There are four macro skills to learn in English as a language: listening, speaking, reading and writing. Each of this macro skill has several minor skills under it which every student in English has to master. This is specially important if the student is in his senior year in high school. Senior English is mastery of all the basic skills in English as a second (ESL) or foreign (EFL) language. A fourth year high school student, therefore, must have mastered almost all the skills. The only exception is formal scientific research, which in the DepEd list of learning competencies is still to be taken up in the last year of high school. I am not expecting my fourth year English students to be able to write a good research paper. They are still to learn it this year. However, I am expecting them to be able to listen analytically and appreciatively to almost anything. I am also expecting them to transact business orally in English, classroom recitation included. I am also expecting each one of them to be able to write a decent three-paragraph composition. Over and above the three is reading comprehension. I am expecting all the seniors to be able to read beyond the lines. These are my minimum expectations before any of my English IV student can have a good grade.

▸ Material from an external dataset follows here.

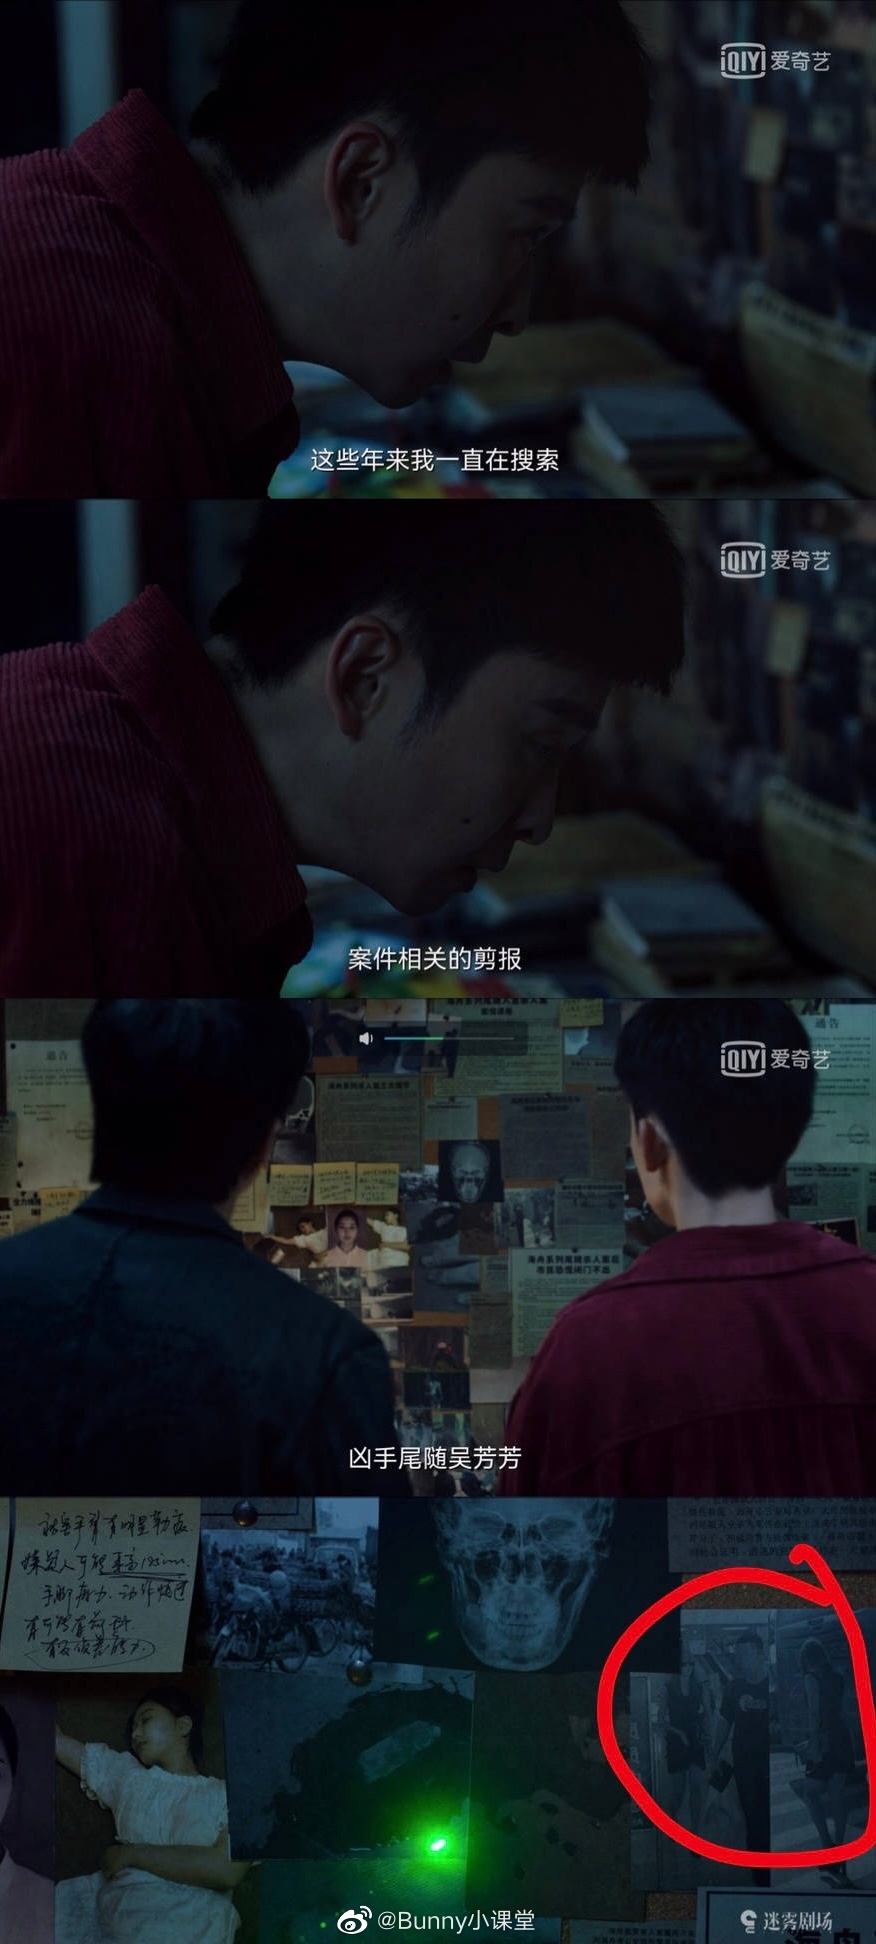 'Ai là hung thủ' bị gắn mác 'cọ nhiệt' khi tự ý sử dụng hình ảnh của Tống Thiến làm tư liệu nạn nhân bị sát hại trong phim

Whoever fails, therefore, in my subject is being challenged to prove to me that he is worthy to be a senior student. There are students who failed already. Let the failure be a challenge to those who failed. Self-knowledge is in order here. Any student who failed must go into deep introspection and discover why. He should ask, "Why did I fail? Which skills have I not mastered that is why I did not get a passing mark for the first grading period?" The process of getting down to the roots of one's failure is an utmost exercise of humility. Do I really need to learn some more? What else are expected of me? Have I been idle and wasting time instead of studying my lessons? One cannot keep on blaming what has not been done in the previous years, which ought to have been mastered already as of fourth year. Clearly, it is one's own fault now why the minimum skills for English IV have not been mastered yet. Know why because it is and it will not ever be late to re-study what has not been understood very well. It will not ever be late at all to restart even from scratch. Time and effort will only be wasted if one continues to believe and have a false assurance that he knows his English only because the English IV teacher did not fail the obviously erring but pitiful student.